No one knows for certain why food prices around the world have risen so quickly. Ben Bernanke said the Federal Reserve’s Quantitative Easing program is not the cause. He argues that food prices are higher because people in emerging nations have richer diets than they have had in the past.
The UN reported recently that global food prices had reached an all-time high. It blamed worldwide weather problems and short supplies of many basic agricultural commodities.
No major agency, inside or outside the US, has come up with an explanation which has received widespread support. It is like global warming in that way. Opinions diverge. Scientists fight for answers and suggest solutions. The debate over food prices does almost nothing to solve a problem which is likely too complex and expensive to solve.

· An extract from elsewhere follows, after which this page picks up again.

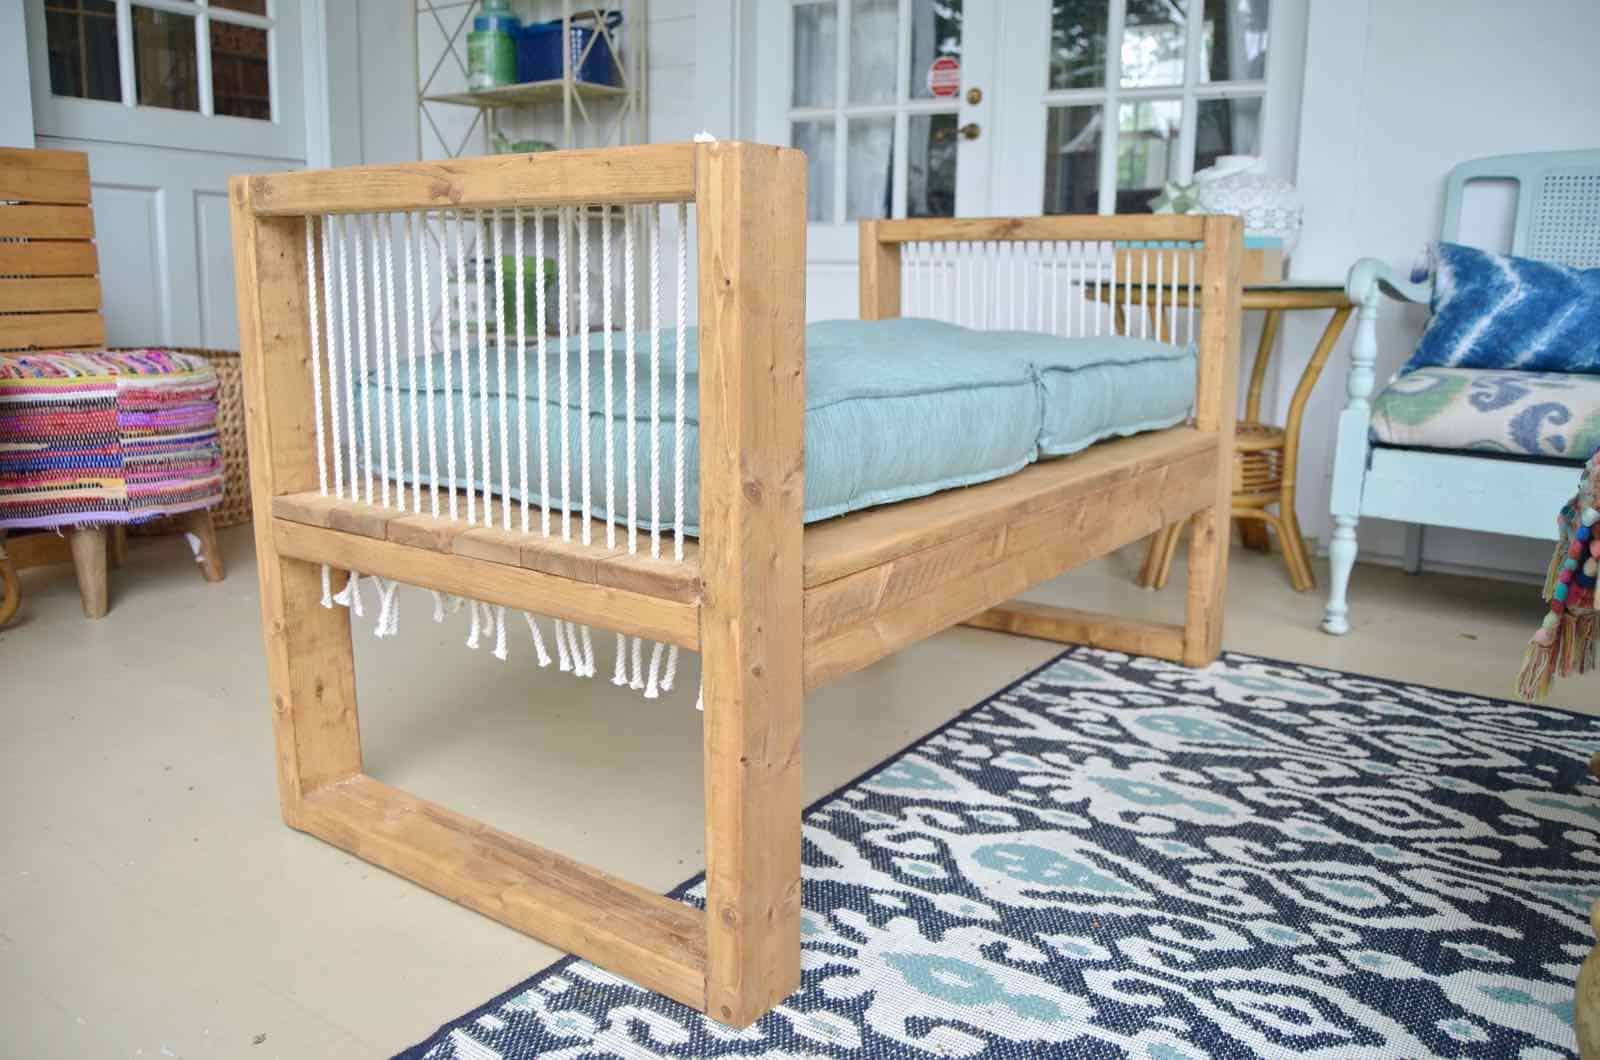 DIY bench made out of 2x4s with chic rope detail
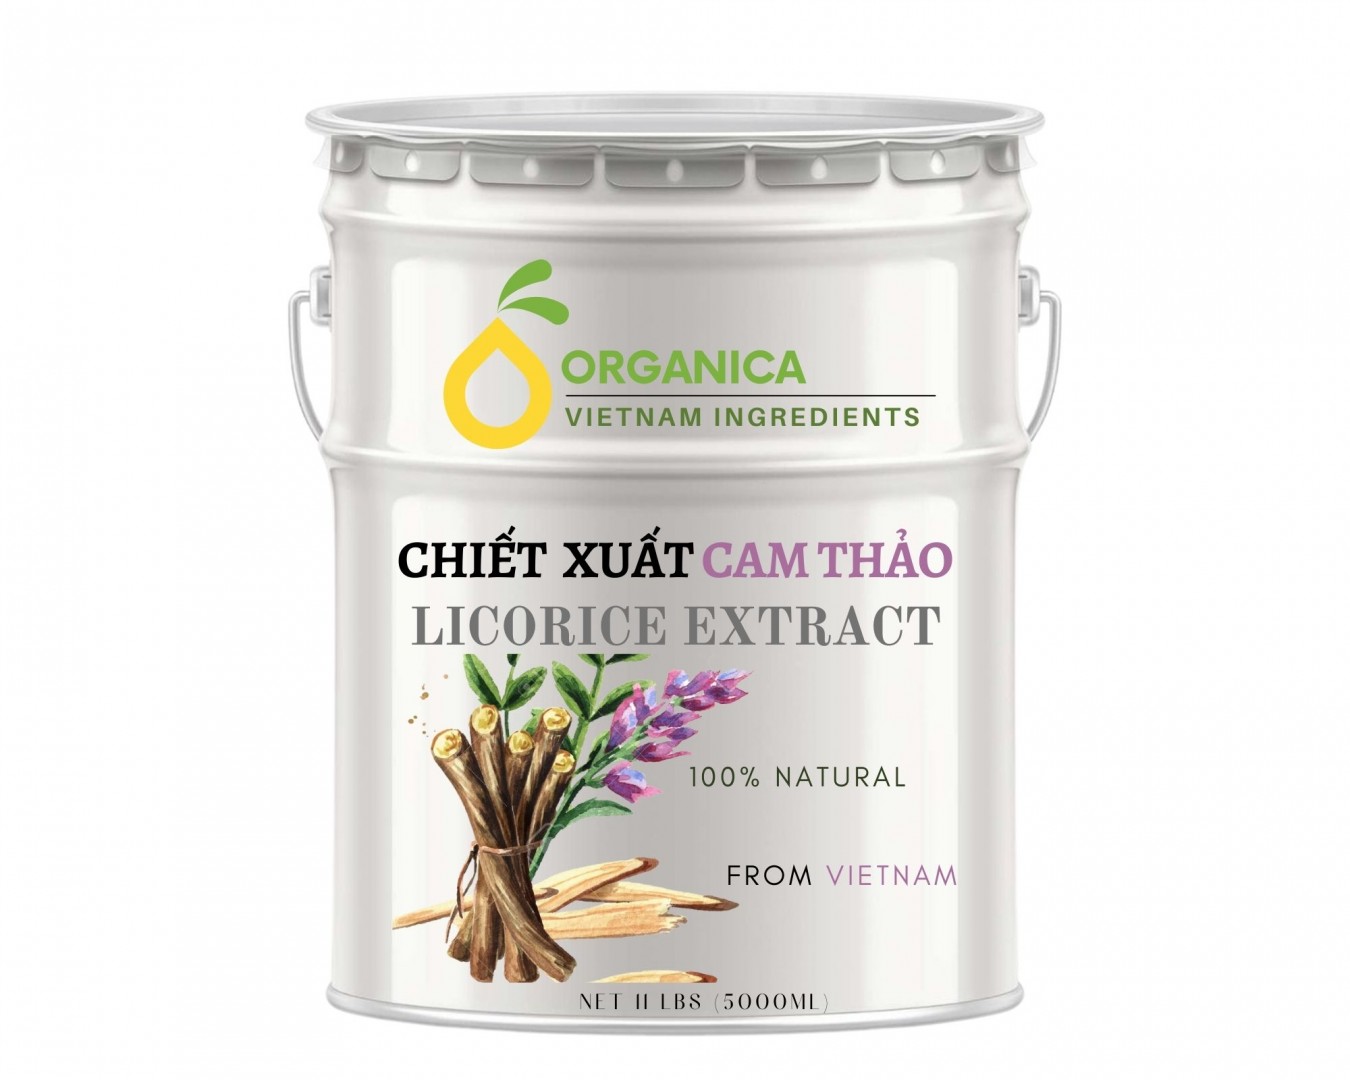 Chiết xuất cam thảo (Licorice extract)

The fact is, and it is a sad fact for the poor and those who cannot afford higher costs of food, that the large agricultural producing nations each has an agenda of its own. Some nations want to keep their crop yields at home to guard against inflation. In other cases, weather problems have reduced harvests. That happened recently in Russia. The problem could grow if cold weather across the northern part of the Western Hemisphere continues.
Global problems rarely yield global solutions. That has been proven recently in battles over currency values, trade imbalances, sovereign debt threats and financial regulations. No large and powerful nation is willing to take a first step because it may find itself alone on a policy island with no support from other developed countries and developing countries, especially India and China.
The food inflation fire will eventually blow itself out. Supplies may rise over the years as farmers better manage their crops. Poverty and austerity programs which might include rationing could bring down demand. It is an ugly cycle, but one which is nearly unavoidable without a consensus about the causes and the solutions to the trouble.
Bernanke insists the Fed has not caused the price of food commodities to rise. His agency would be off the hook if there was incontrovertible evidence to support his claim. There is not. The fog of blame and indecision will keep any real answers, if they exist, shrouded.